Speaking of which, the leader of the notorious Los Choneros cartel was just liberated from prison by his fellow gang members. People are freaking out, probably understandably, and Noboa has declared a 60 day state of emergency for the leader to be found. Having only just come out of a prolonged state of emergency under Noboa’s predecessor Lasso, apparently it’s a state Ecuadorians must get used to. Given that the previous state of emergency gave the military powers of internal law enforcement, I guess it makes the whole referendum a little redundant.
The cartels have responded in kind with major prison uprisings holding over 130 prison staff hostage and ghastly footage of them breaking into a news broadcasting station and holding the staff hostage on live TV. President Noboa has now declared they are at war with the cartels and have detained hundreds of alleged gang members. It's been a really crazy few days.
I wouldn't mind them hanging around as debate moderators, especially if they're strict about time keeping. Shooting an Uzi next to someone's ear works better than muting mics!
I am curious to see how a genuine "tough on crime" policy plays out, now that we have multiple ongoing experiments. Some people might still like to believe that violence and repression can never work when it comes to reducing crime, whereas it's obvious to me that if it doesn't, you're not using enough, or at least employing it on the wrong targets. Bukele somehow didn't manage to shut up all the doubters, but at least other people in power have noticed and that seems to have overruled a lot of institutional inertia and learned helpless handwringing.
I think the meaning of a genuine tough on crime policy is very different in Ecuador or El Salvador where the crime problem is organised crime where sane people have chosen to persue criminal careers because they are more attractive than legal careers, versus a place like the US where most of the crime we are worried about is committed by drunks, druggies and mentally ill people.
If the gangs are credibly threatening the State's monopoly on violence (and busting a gang leader out of jail counts), then fighting them is more like war than policing.
I agree that long jail sentences don't act as a great deterrent for U.S. criminals, but they are still extremely valuable.

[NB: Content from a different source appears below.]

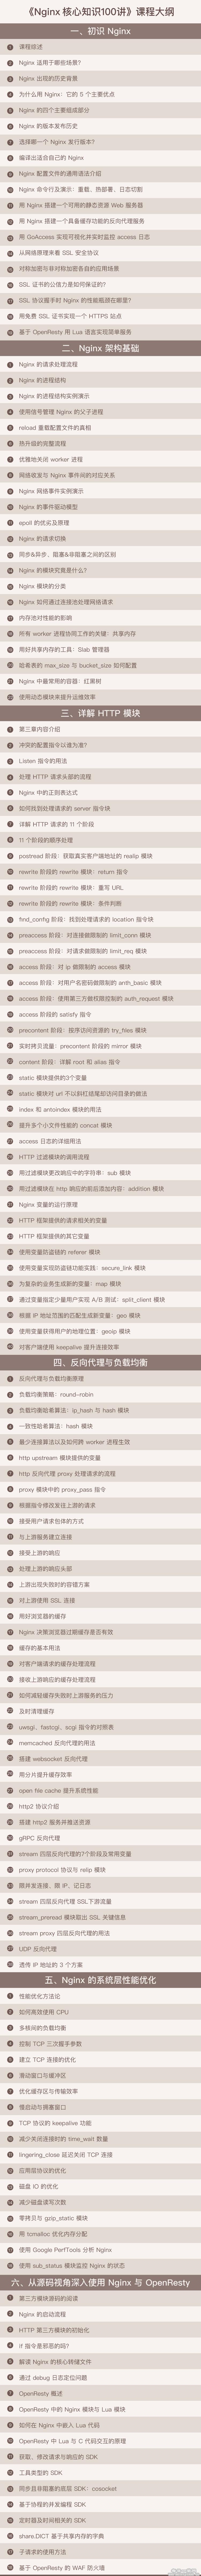 Nginx核心知识100讲网盘资源,陶辉主讲
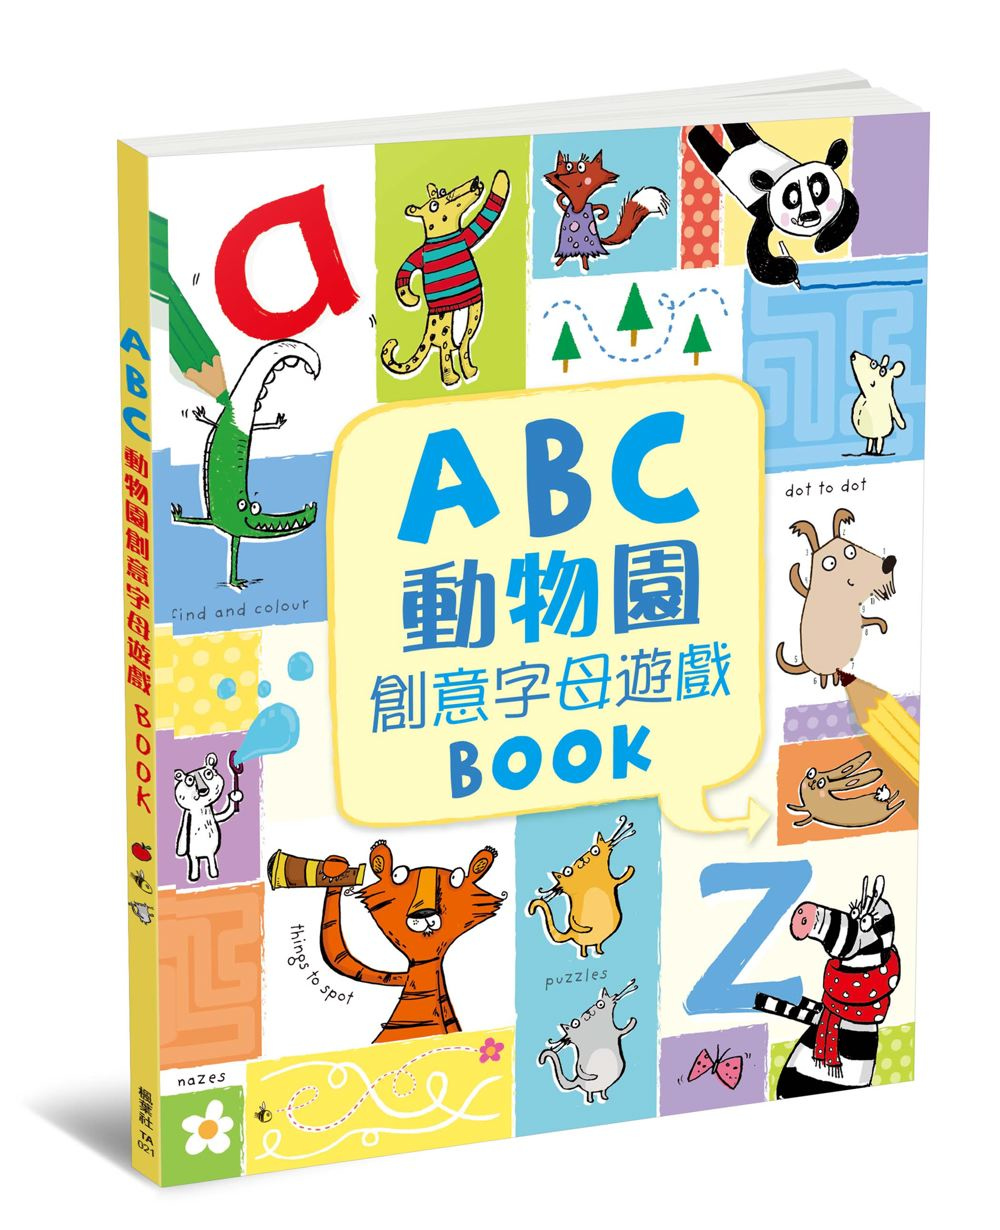 ABC動物園 創意字母遊戲BOOK

Why? Because there is immense value to keeping the worst of society isolated during their most violent years.
Most criminals do not commit only one crime. They tend to commit dozens. The typical murderer will be a career criminal with several serious crimes. If we arrest and jail people for armed robbery or assault, we reduce the pool of potential murderers. Three strikes laws worked great in this regard.
As the prison population increased from 1980–2010, the crime rate fell.
As the prison population decreased since 2010, the crime rate rose.
Could you provide some citations on "typical murderer will be a career criminal"? Are you saying that murderers are generally violent people who tend to commit other crimes like assault (which I can believe), or specifically that they pursue crime as a career (i.e. serial robbers, shoplifters, etc.)?
Yes.
No, I don't believe they are primarily motivated by money. I think they are just violent people.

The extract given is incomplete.